То, что есть у Крамера как у прозаика, это не только хороший русский язык, кристально чистый, без примеси какой бы то ни было ненормативной лексики. Александра Крамера делает русским писателем не язык даже, а гуманизм, да-да, тот самый старомодный гуманизм, питавший литературу в XIX веке и застывший где-то на середине века ХХ, а позже постмодернизмом и вовсе упраздненный. (Виктор Ерофеев, Виктор Пелевин – писатели современные, известные, читаемые, но у кого повернется язык назвать их гуманистами?) Там, где раньше была вина, боль, стыд, «выходящая за грань мира тоска о человеке» (Н.Бердяев), теперь Цинизм – всеохватный и всепроникающий.3 Крамер старомоден с его реликтовой болью не только перед «маленьким человеком», но и, не смейтесь, перед собакой («Чашка») или кем-то невзначай обиженным («Туфель»). Но, странное дело, творчество Крамера остается при этом удивительно оптимистичным, светлым.

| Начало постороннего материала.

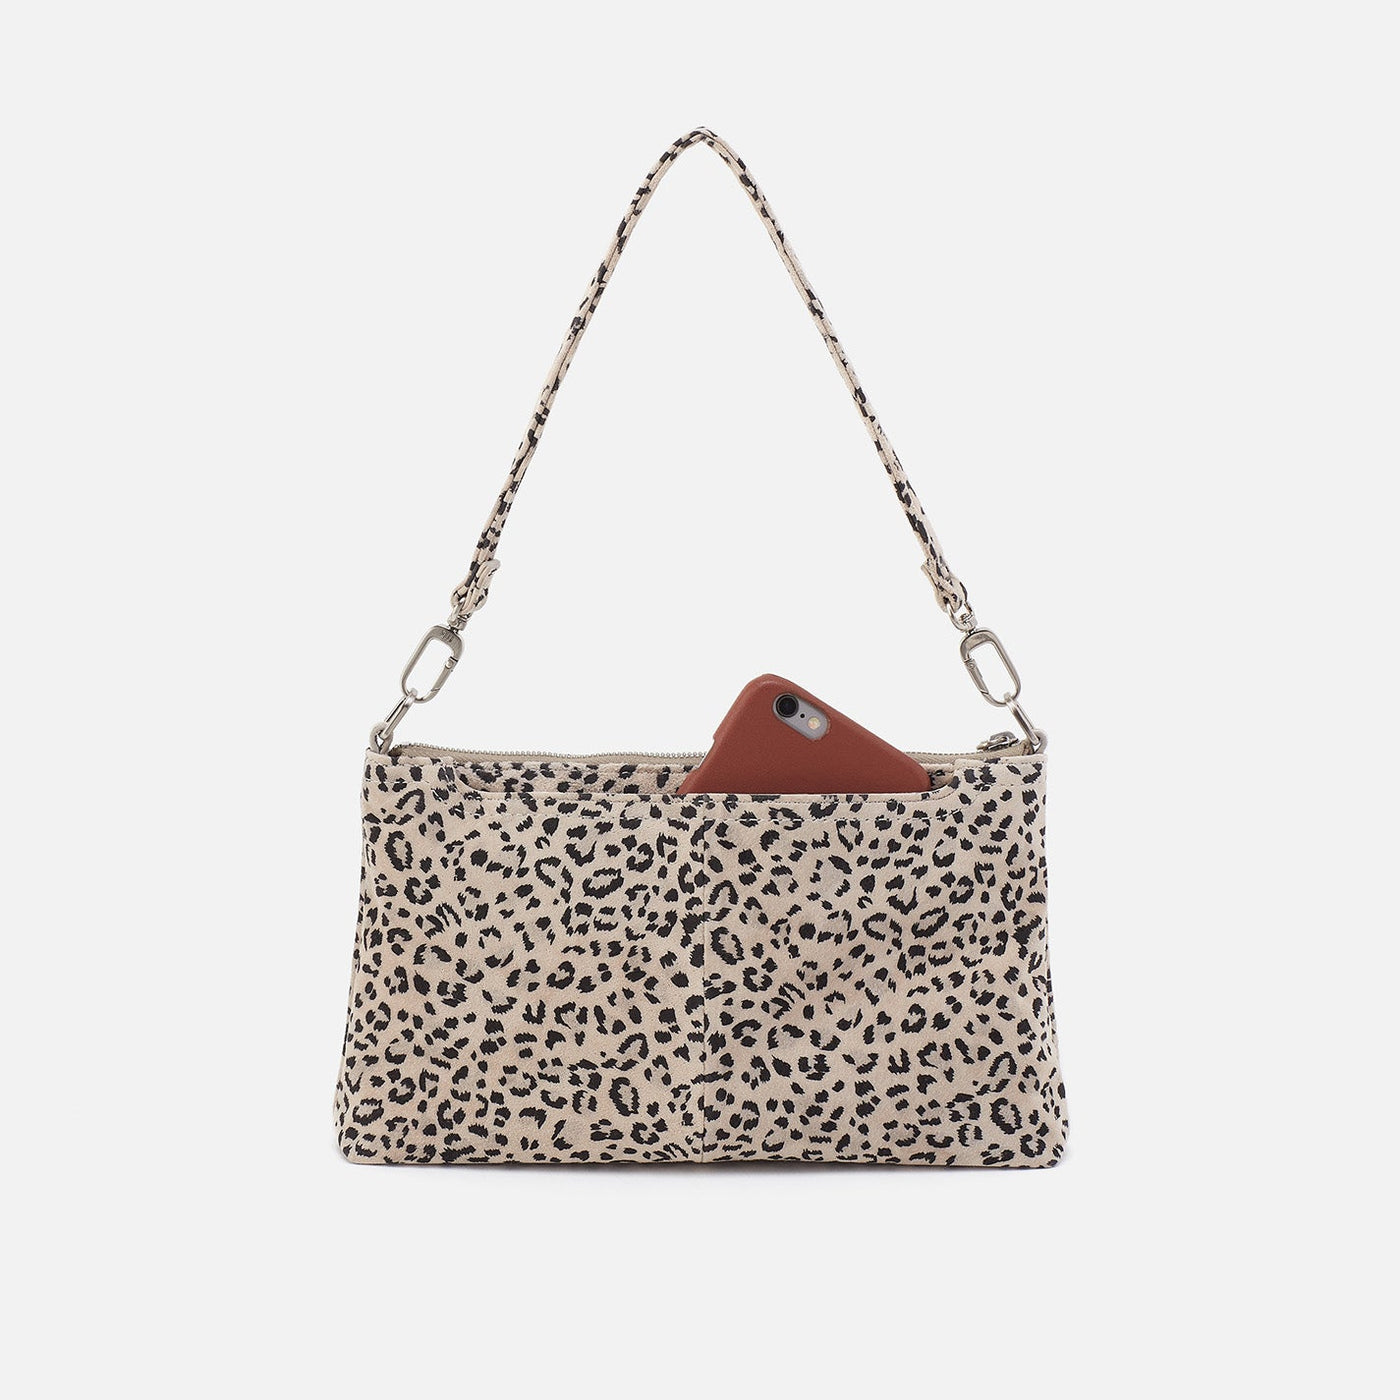 Darcy Crossbody In Printed Leather - Mini Leopard

Писатели четвертой волны, в отличие от предшественников, бежали не от революции и войны, не от террора, даже не от нищеты, критерии которой условны и преходящи, а от чудовищной бездарности, тупой жестокости и неповоротливости социальной системы, которая после «перестройки» и «гласности» стала еще невыносимее. Никаких «философских пароходов», никаких явных гонений и притеснений, но и никакого просвета, никакой перспективы. Да, этим уехавшим в 90-е не шибко сочувствуют, да, если честно, и не шибко завидуют. Причины у всех были разные и разные обстоятельства. Наталья Червинская в рассказе «Сережа-правдоискатель», опубликованном в «Знамени», называет лишь некоторые из них: «Мы хотели карьеры успешной, собственного дома, для детей светлого будущего, по миру попутешествовать. Ну, и – свободы слова, например. Нам всего этого не хватало…»4 Всем не хватает. Но ничего героического, ничего трагического в этом последнем исходе не было. Не было изгнания, был житейский выбор, трезвый расчет. Хотя многим и он не on силам. Лучше синица в руках, чем журавль в небе, ну и тому подобные банальности. Но у Натальи Червинской в эмигрантском цикле «Кто как устроился» преобладает хохма, ёрничание, правила легкого жанра. Чего стоит одна «Татьяна Фаберже», хоть и самозванка, а «как устроилась»!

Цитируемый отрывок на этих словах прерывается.